A thoughtful designer will always consider you and how you will use the site and make is as user friendly as possible. I have a client who’s website was not user friendly, she had over 28 plugins and had no idea how to maintain the site. I redesigned the site to make it more user friendly using only 2 plugins (excluding the essentials).

How to plan your website so it is easy to use and maintain? 

If you are building it yourself. Keep is simple. Don’t use lots of plugins. Choose a theme that designed for simplicity, like the Divi theme.

For every plugin you use, you must maintain it.

Understand what you need to do to use the website so you can reach your goals. E.g.  How do you blog? How do you use the SEO plugin? How do run the e-commerce store? Do as much research as you can before committing to the purchase. Some plugins are trial and error before you learn which ones are easy to use.

During my website planning process I will help you define your plugins and help you understand what is involved in their use and maintenance.

If you are getting a designer to build it. Be clear from the start about who will be maintaining the site and their skill level. Make sure the designer understands how you will be using the site and make sure this is possible.

This will enable you to have the conversation around training or making certain functionality more user friendly.

You need to avoid the situation where you have paid for a site that you thought you could use, only to realise it’s beyond your capability so you never use it.

9. You need to pay for third party services because your website is inflexible and won’t allow you to have certain features

I had a client who I was running Google ads for. Normally, you run ad traffic to a landing page. But this website hadn’t been designed with the ability to build landing pages. So they were running ads to normal pages. This can drastically affect the conversion rate of a website. They had a custom theme built that only gave them a few different page layout styles. None gave them the ability to remove the header and footer (important for landing pages). Even the page layouts were really restrictive. There was no flexibility with how to place page elements. I could only ever put an image on the left and text on the right.

They were paying for ads, but their landing pages were so limited, they were just throwing money away…

They ended up paying for a tool called Lead Pages that would let them quickly build landing pages.

Not only did they have a new tool to learn, their analytics just went up another level on the complicated scale… (don’t get me started on cross domain conversion tracking – what a headache that is)

How do you plan your website so it is flexible and can cope with design changes without having to pay for extra services?

You need to think at least three to five years ahead with where you think your marketing or functionality needs might be.

Will you be paying for ads?
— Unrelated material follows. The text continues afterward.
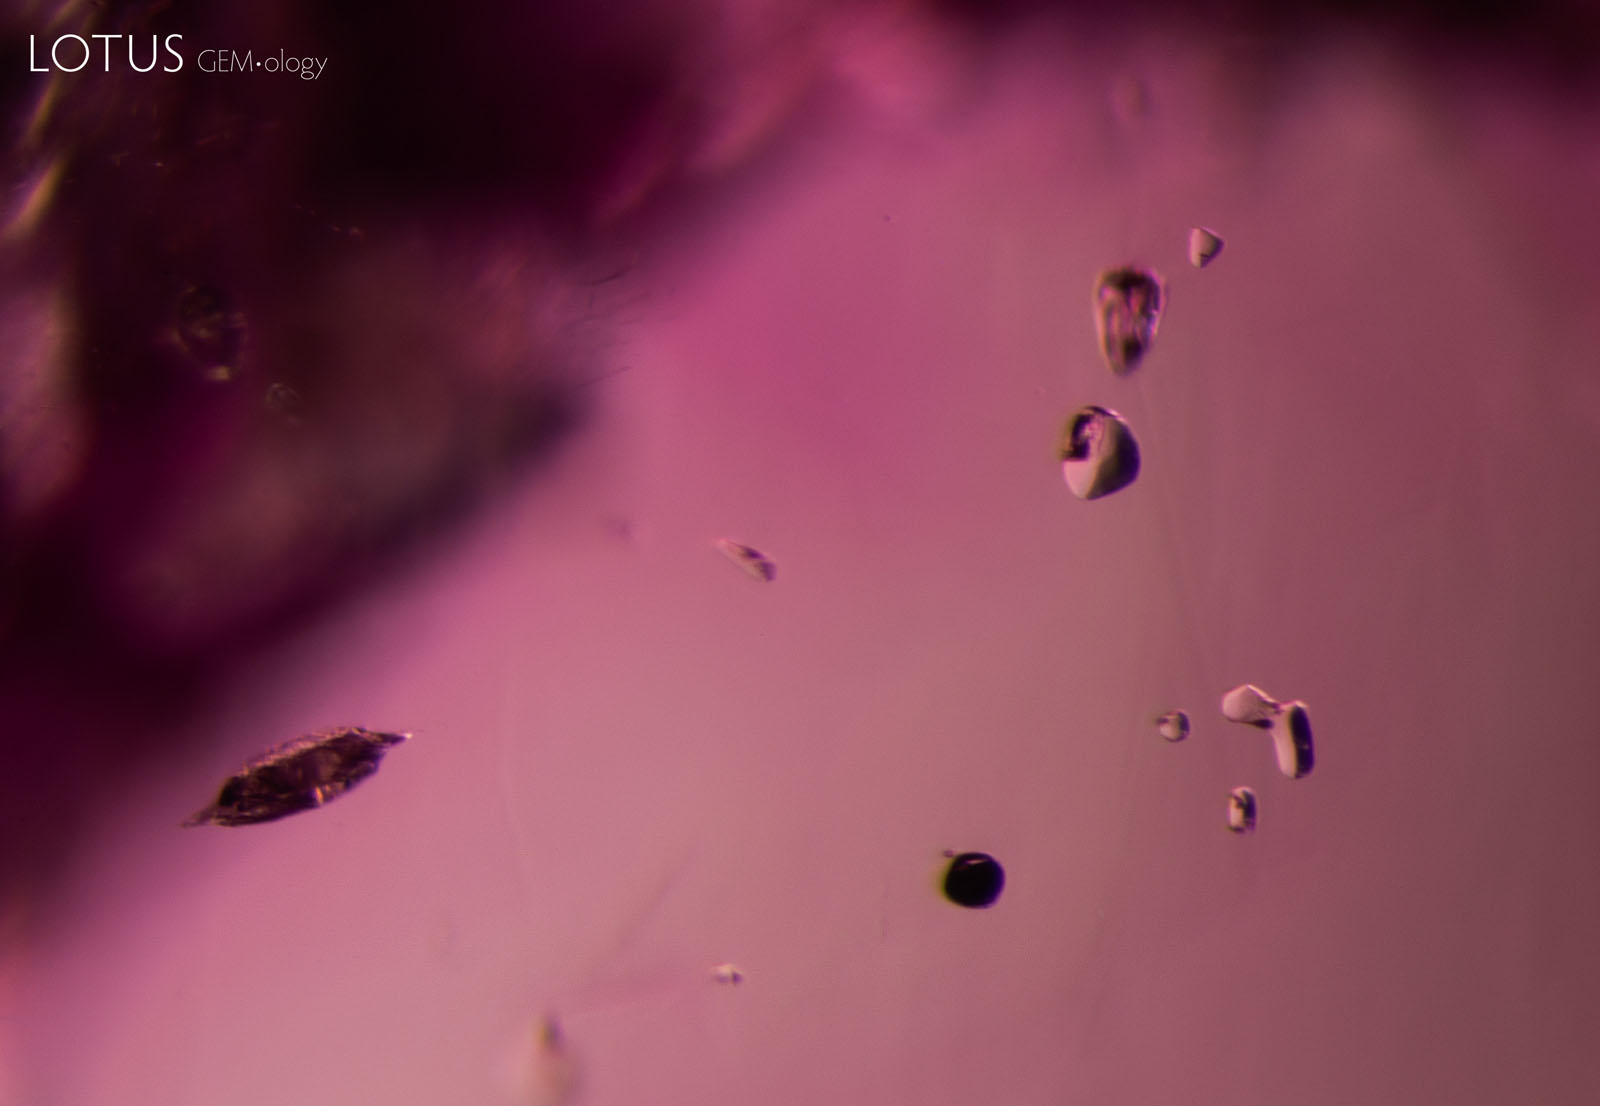 (Unheated) A variety of solid inclusions are present in sample 22. At left is a crystal containing diaspore, on the right are several transparent spinel crystals, and at the bottom right is a dark, rounded crystal of primary rutile.

If so, you need the ability to create landing pages (don’t be fobbed off by being told to buy lead pages).

Will you be implementing sales funnels? If so, you can do that in WordPress with a little planning (don’t be fobbed off by being told to buy Click Funnels).

Of course you can buy these tools if you want but I’m sure you’d rather have the simplicity of one website rather than multiple tools to the jobs your website can.

If you are working with a designer, you only have to ask the question “Is it possible to add e-commerce (or whatever functionality) in the future and what would the rough cost be”. Their answer should help you to determine if they could handle that functionality and ultimately, your choice of designer to go with.

10. You are unhappy with the end result

At the end of the day, if you are just plain unhappy with the end result, then something has gone terribly wrong, and I bet 99% of the time it was the planning phase.

Now I can’t promise you that if you invest in a good planning process before you instruct a designer that you will be 100% happy with the final product.

However, I can promise you that without a well thought out planning process, you drastically increase the risk of not getting what you want and need.

The problem is, you won’t know until it’s too late…

How do you plan your website so you will be happy with the end product? 

You need to know what you want and define success criteria. What is a successful web project to you? It’s not just about the website reaching it’s goals but it’s also about cost, time, ease of communication, usability, flexibility. It’s whatever it means to you. Once you have set those expectations you know you will be happy once they are met.

If you don’t know what will make you happy – you probably won’t be happy.

If you start your plan with the end in mind then you are more likely to find your ideal web designer, or if you are building it yourself, you are more likely to be successful.

Clarifying and communicating your expectations is what planning is all about. The better you are at this, the more successful your project will be.


If you don’t want to leave the success of your website project to chance then let me help you with your planning process.

I have over 9 years of website planning, building and maintenance experience. Including digital marketing experience with sales funnels, paid ads, SEO and conversion rate optimisation.

My 1-2-1 process is tailored to your needs, so if you are looking for just a small business website or a larger e-commerce store, I can help you plan the website that is right for your business and your website visitors. Contact me today for a quote.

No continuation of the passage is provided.